From speaking at the Urs celebration of poet Amir Khusro to delivering the key address at the national conference on Dalit organizations, talking to an assorted audience at the convocation of Gwalior’s Lakshmibai National Institute or addressing alumni of Berkeley University, Ansari has been a big draw.

“Yes, we do receive a lot of invitations for the vice president to be present. He tries to accommodate most requests but sometimes because of his pressing engagements has to skip some,” said a close aide of the diplomat-turned-vice president.

Former president A.P.J. Abdul Kalam, during his five-year stay at Rashtrapati Bhavan that ended in July last year, set an unprecedented record by delivering over 1,020 speeches all over the country.

Loosely translated, this meant giving a whopping 250 speeches every year, which included multi-media tele-conferences, video addresses and educational satellite talks.

Ansari seems to be going Kalam’s way.
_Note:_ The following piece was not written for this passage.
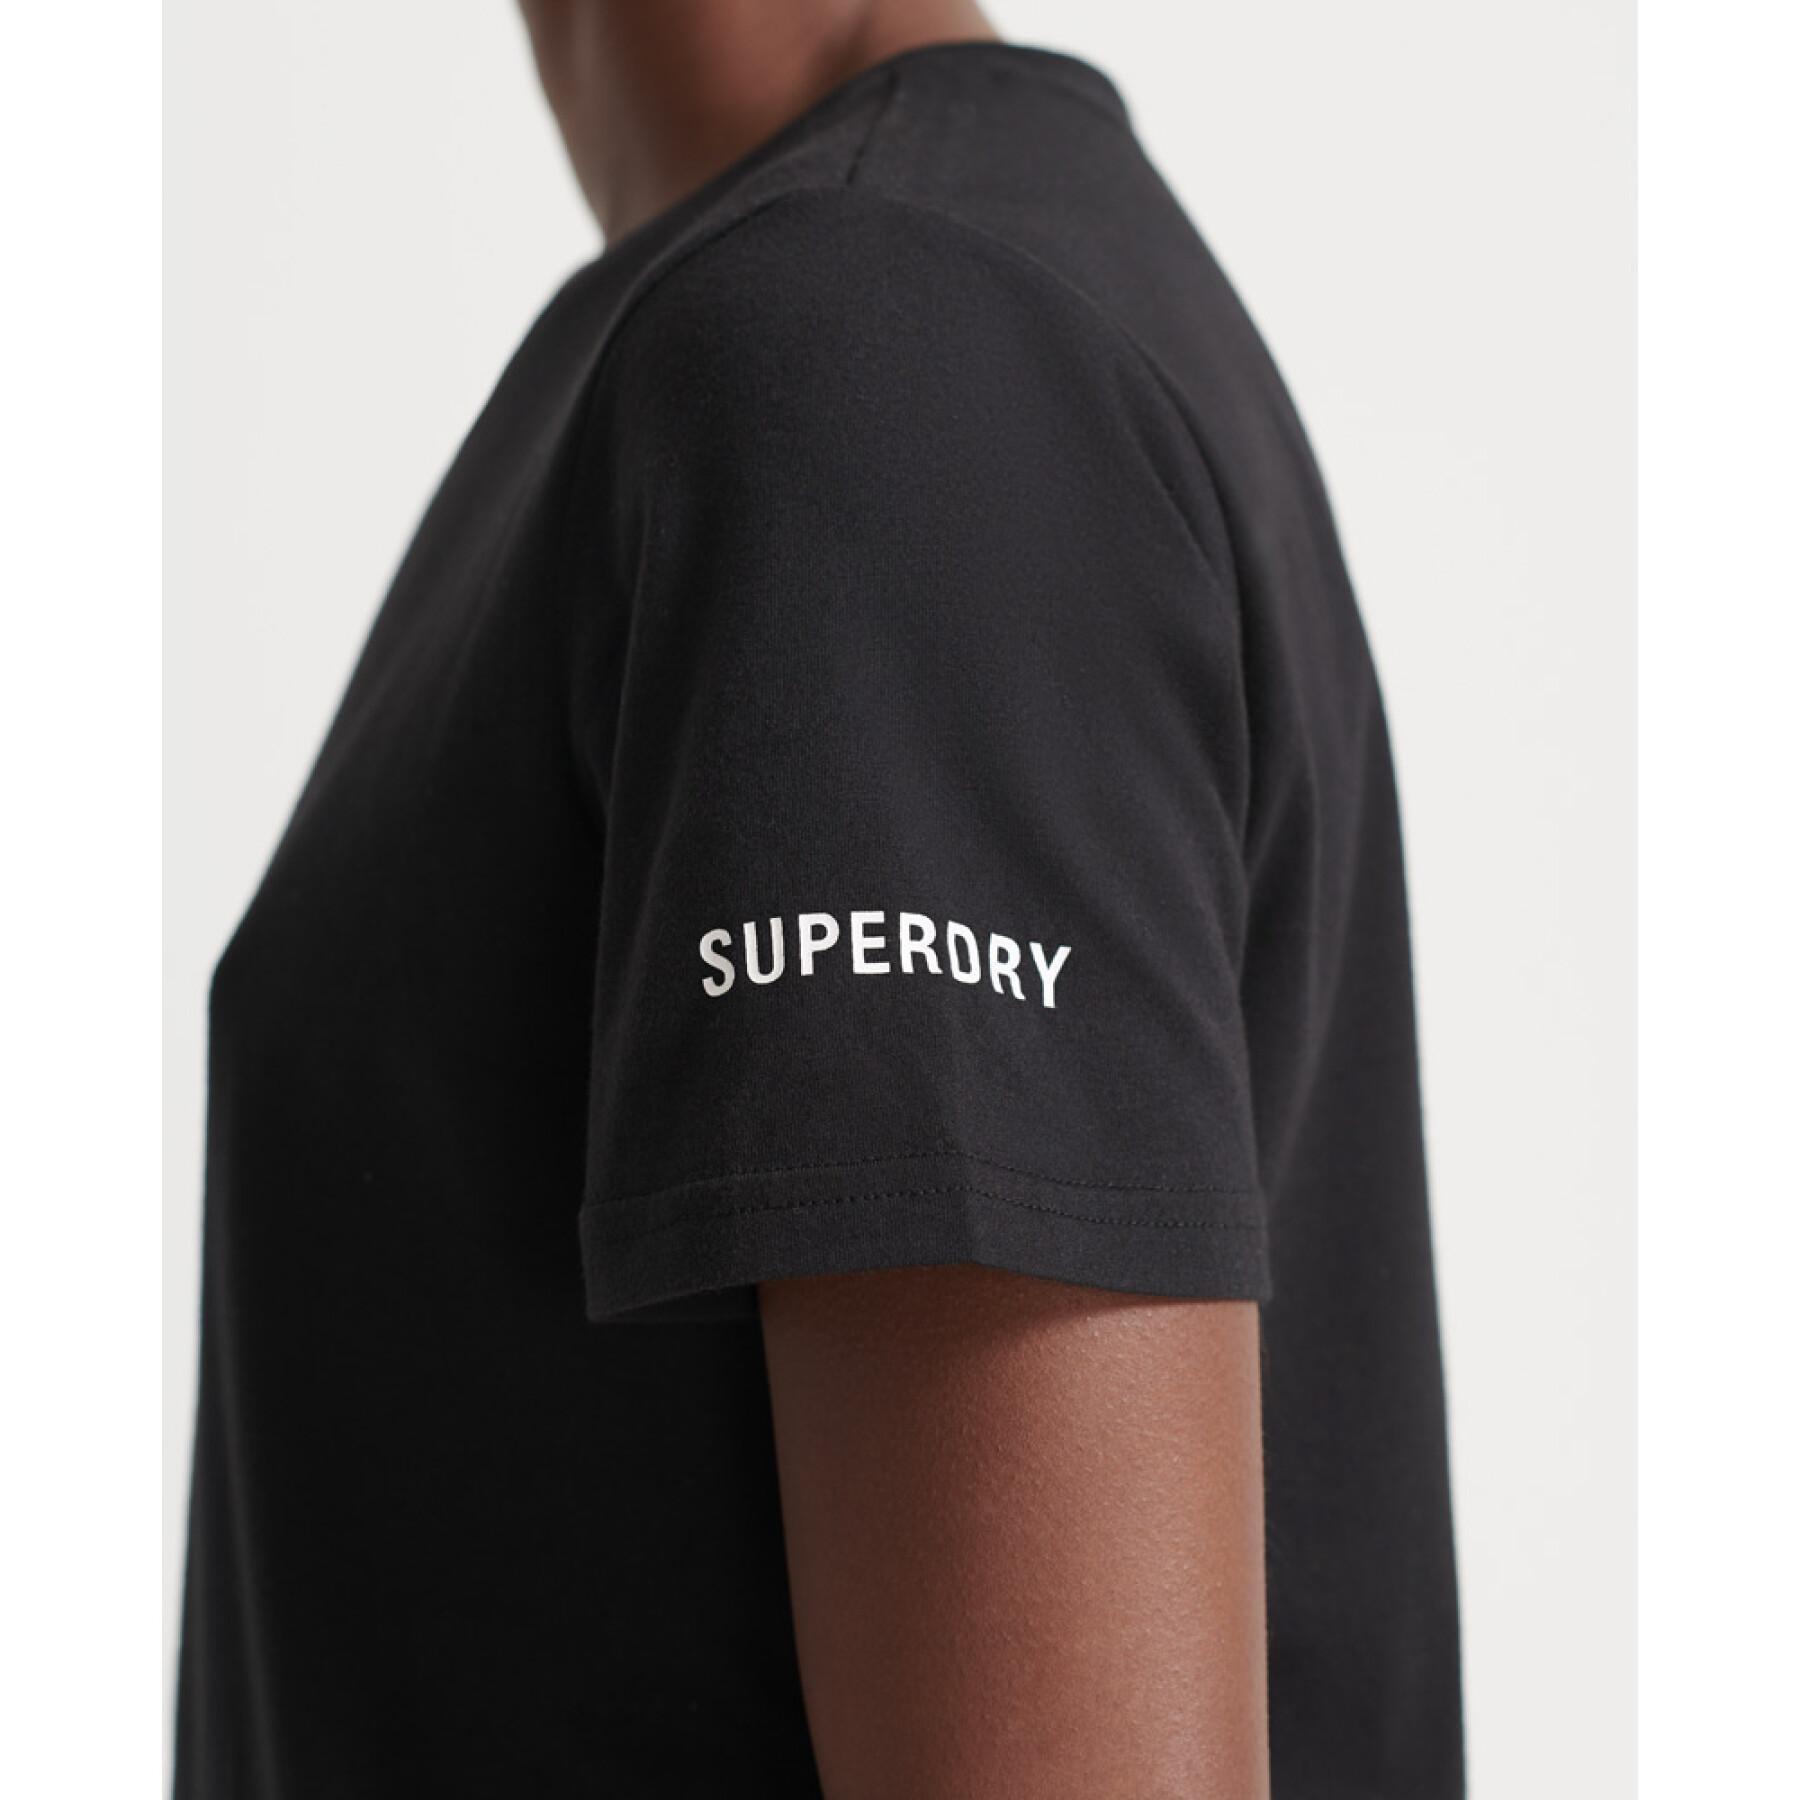 Camiseta feminina Superdry Train Core

He has been involved in at least 10 book launches till date, promoted a website bdguptafoundation.com – a tribute to late Haryana chief minister Banarsi Das Gupta – and released an audio CD “Sada-e-Sufi” by artiste Anita Singhvi.

Last month, Ansari released the Oxford India Anthology book of “Modern Urdu Literature”, the “State of India’s Democracy” brought out by the Centre for Policy Research and a quaint book “Jhansi Mein Kranti”.

He was also chief guest at the release of former UN undersecretary general Shashi Tharoor’s book “The Elephant, The Tyre and The Cellphone” and journalist Nirmala Lakshman’s “Writing a Nation – An anthology of Indian Journalism”.

The 70-year-old vice president – who has served as India’s permanent representative to the United Nations and ambassador to Iran, Australia and Saudi Arabia – also delivered the Justice Sunanda Bhandare memorial lecture as Kalam had done during his tenure, an honour normally reserved for presidents.

His innings as vice president has largely been smooth except when he created a small flutter at a seminar on emerging security concerns in West Asia in November last year where he remarked that US polices had given an impetus to terrorism in the Middle East.

Though it was unusual to see the vice president voicing an independent – even critical – opinion at variance with the government, Ansari declared there that US policies were aiding terrorism and even suggested that Iran’s nuclear programme was reasonably benign.

However, Ansari’s views found support among those who know him. “For a person who knows the region so well and having served in many missions during his diplomatic career and besides bringing out a book ‘Iran Today’, he is well within his rights to air his views at such a forum,” said a confidant who did not want to be named.